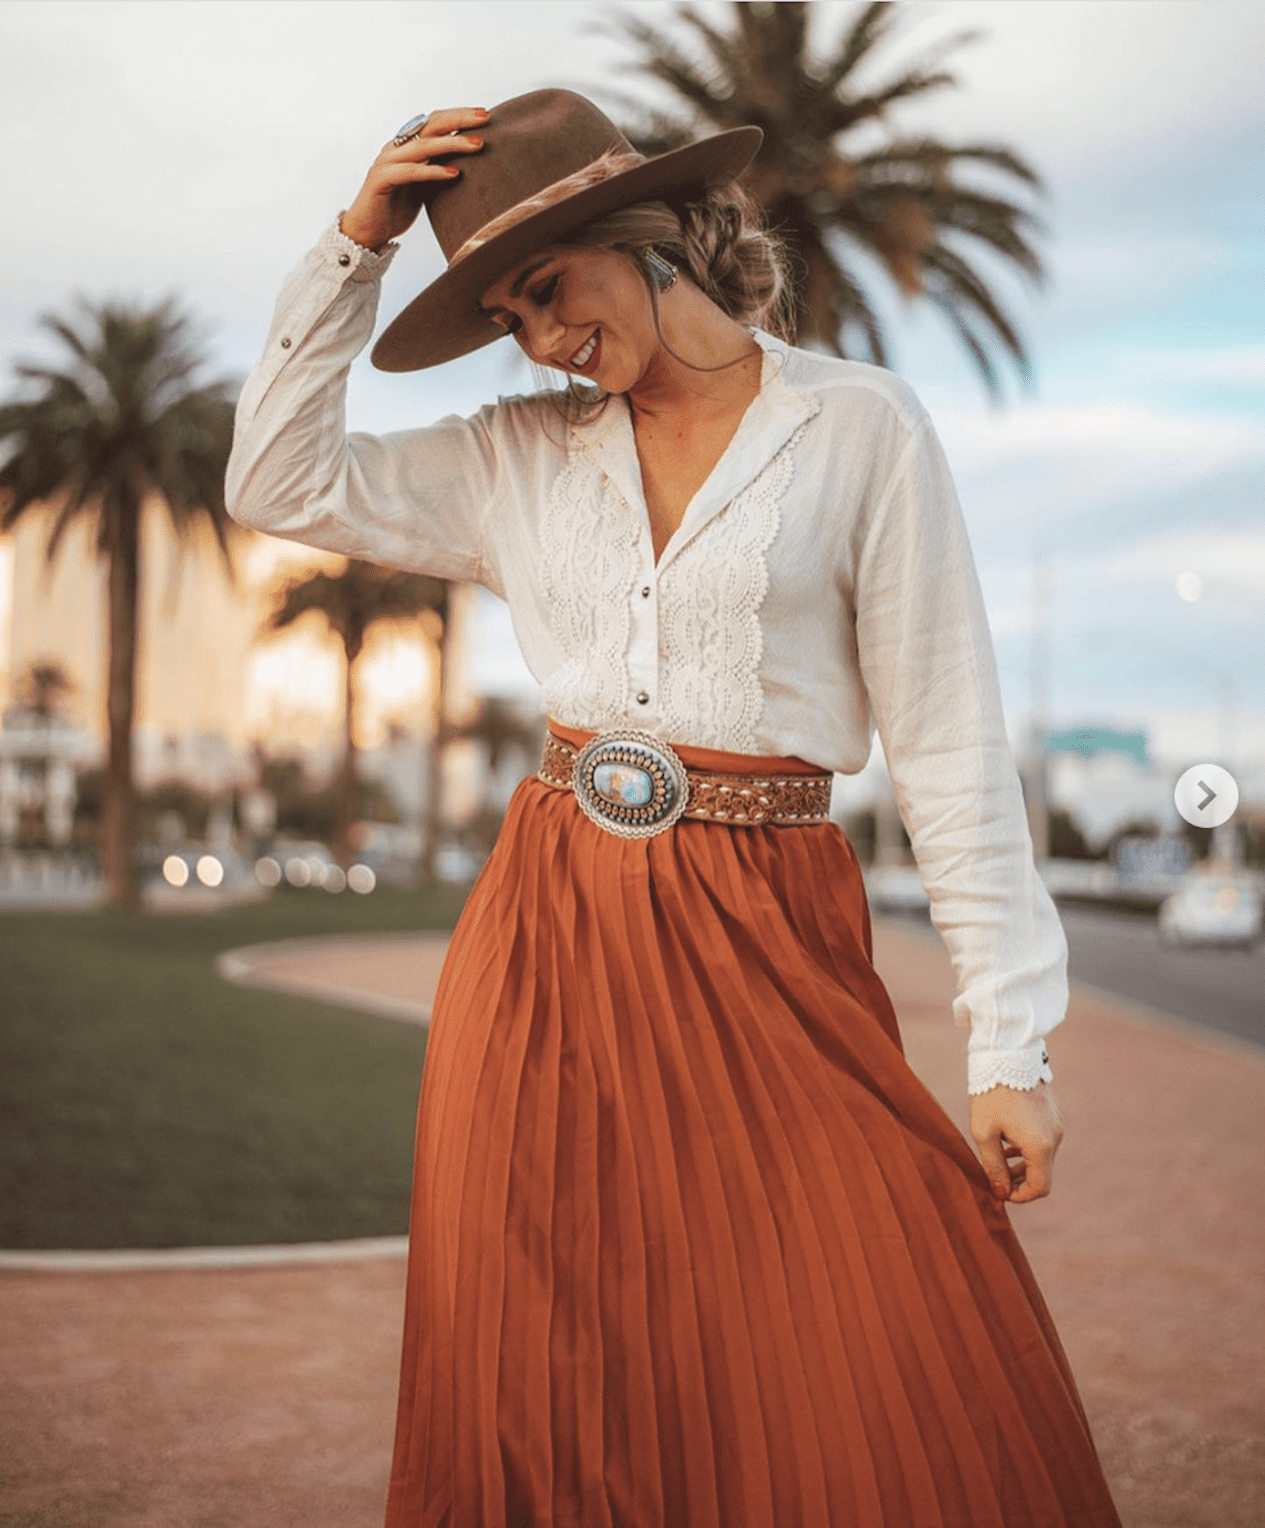 If you're wearing a cowboy hat with a skirt, pair it with a blouse and sandals.
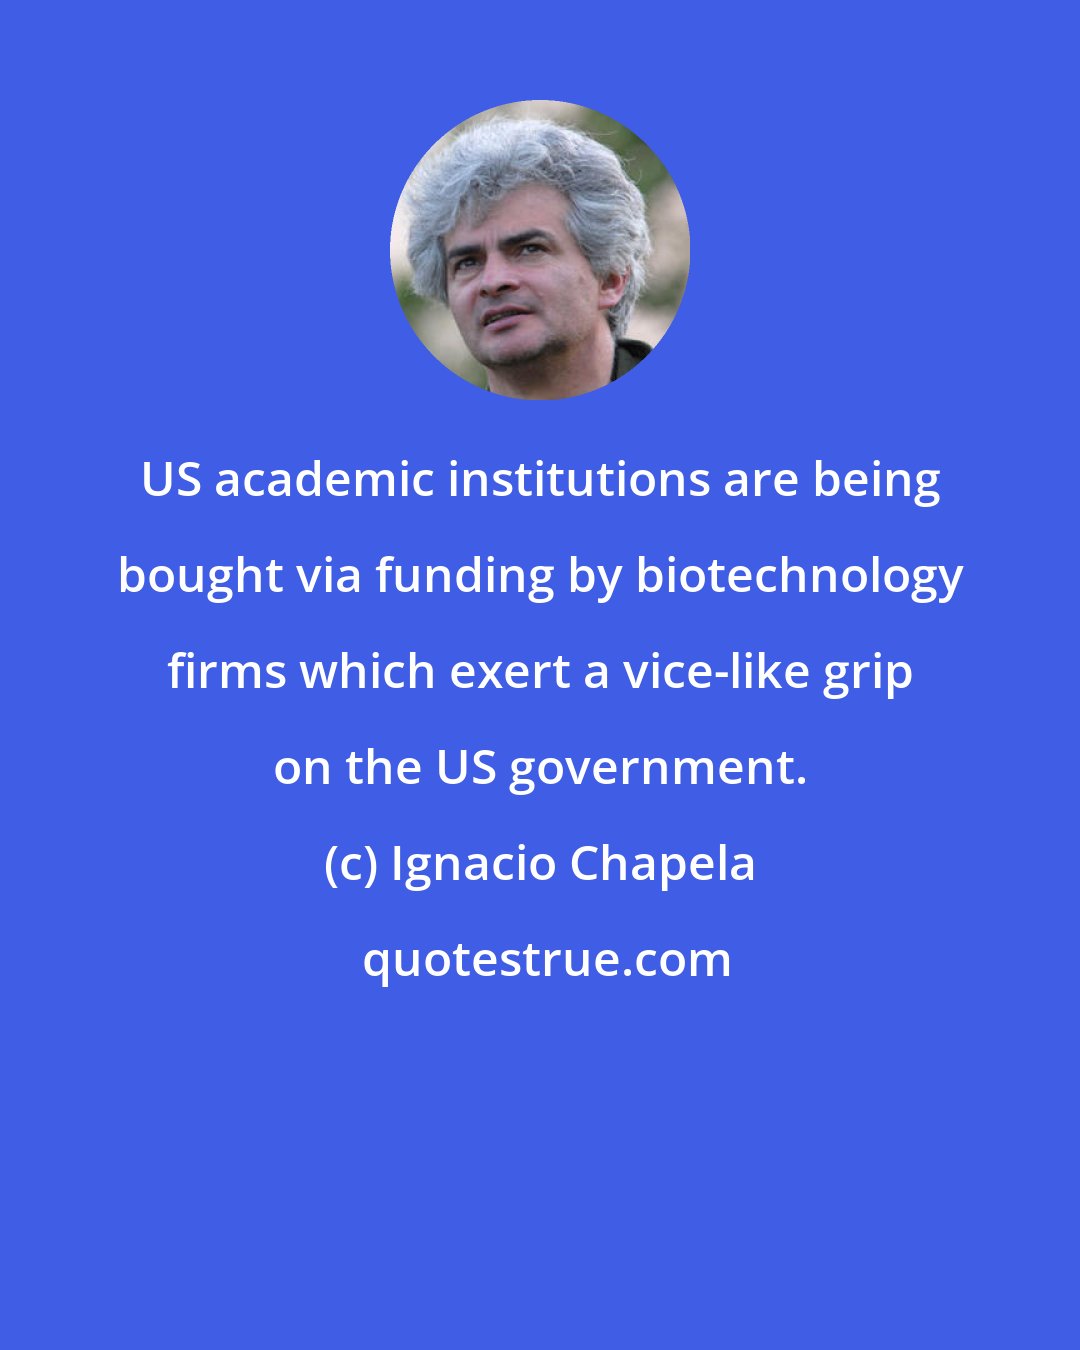 Ignacio Chapela: US academic institutions are being bought via funding by biotechnology firms which exert a vice-like grip on the US government.
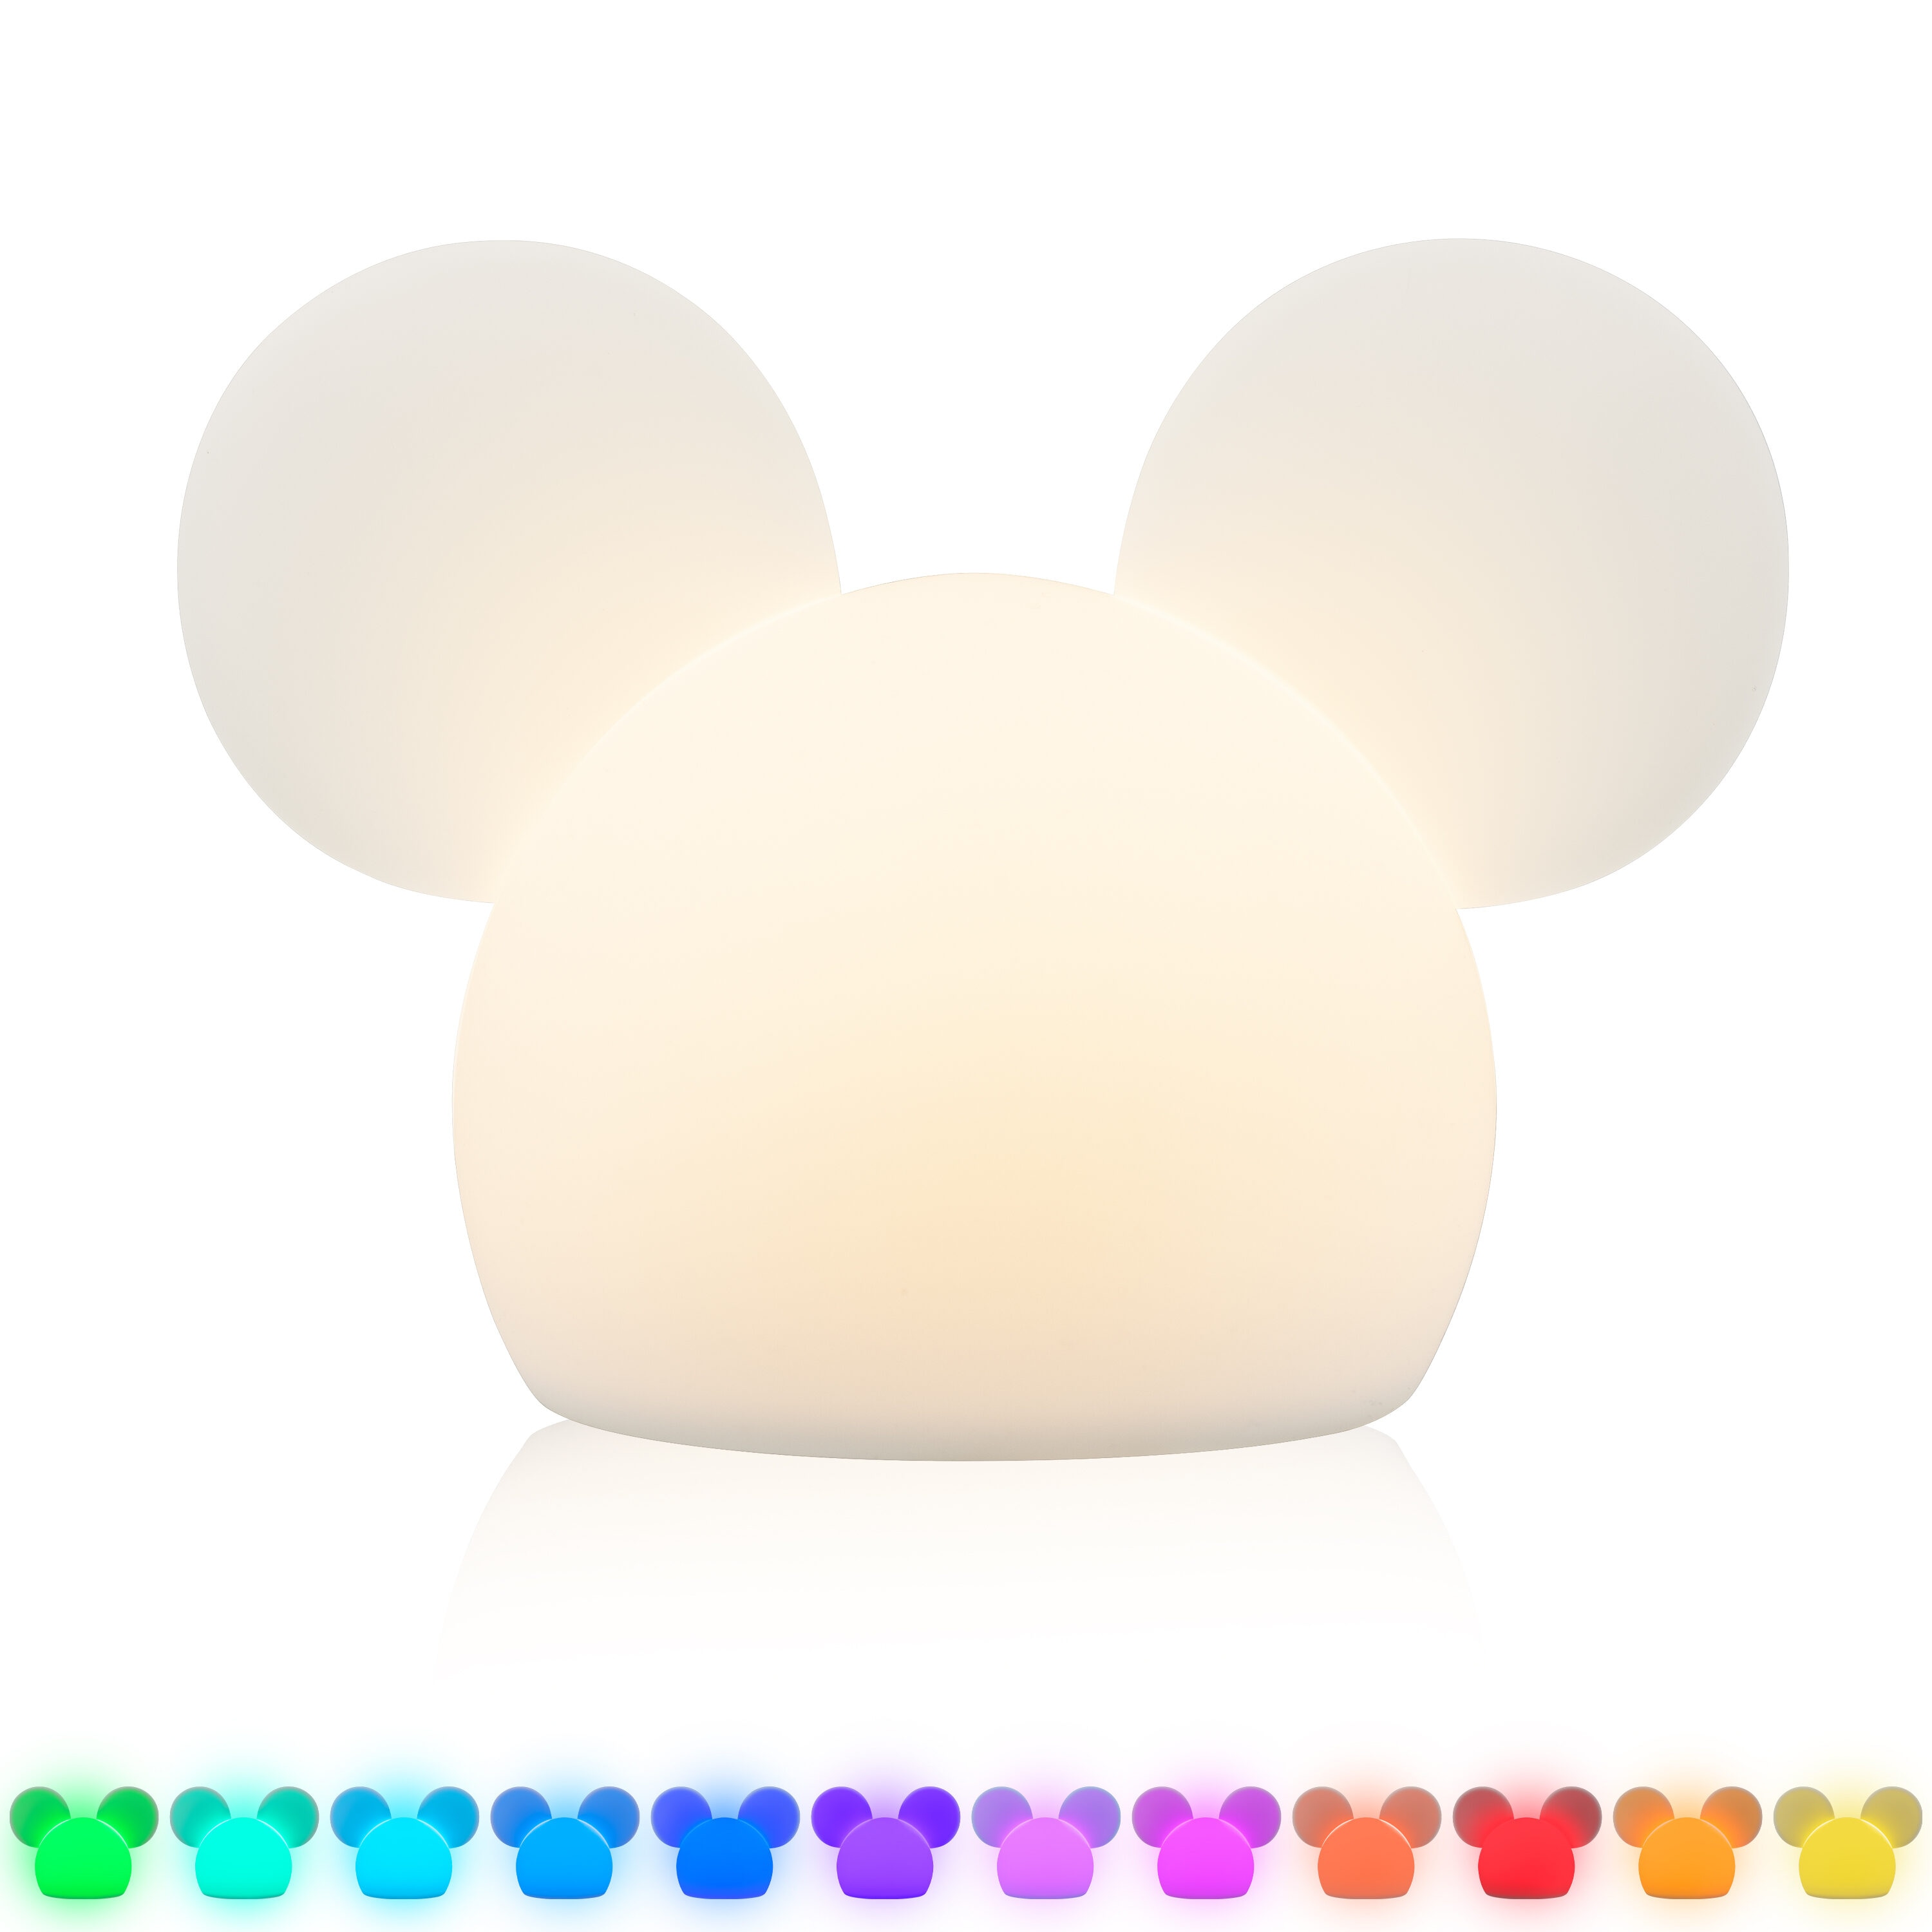 Disney Mickey Mouse Touch LED Night Light with USB Charging Station- Mickey  LED Nightlight with 6 Light Settings, USB 2.0 and USB Type C Ports- Mickey  Mouse Gifts for Woman, Adults and
******
Pictures stay out. Print the data exactly, from its first line through the line containing "Ignacio Chapela: US".

- [Solution to this exercise]:
 If you're wearing a cowboy hat with a skirt, pair it with a blouse and sandals.
 Ignacio Chapela: US academic institutions are being bought via funding by biotechnology firms which exert a vice-like grip on the US government.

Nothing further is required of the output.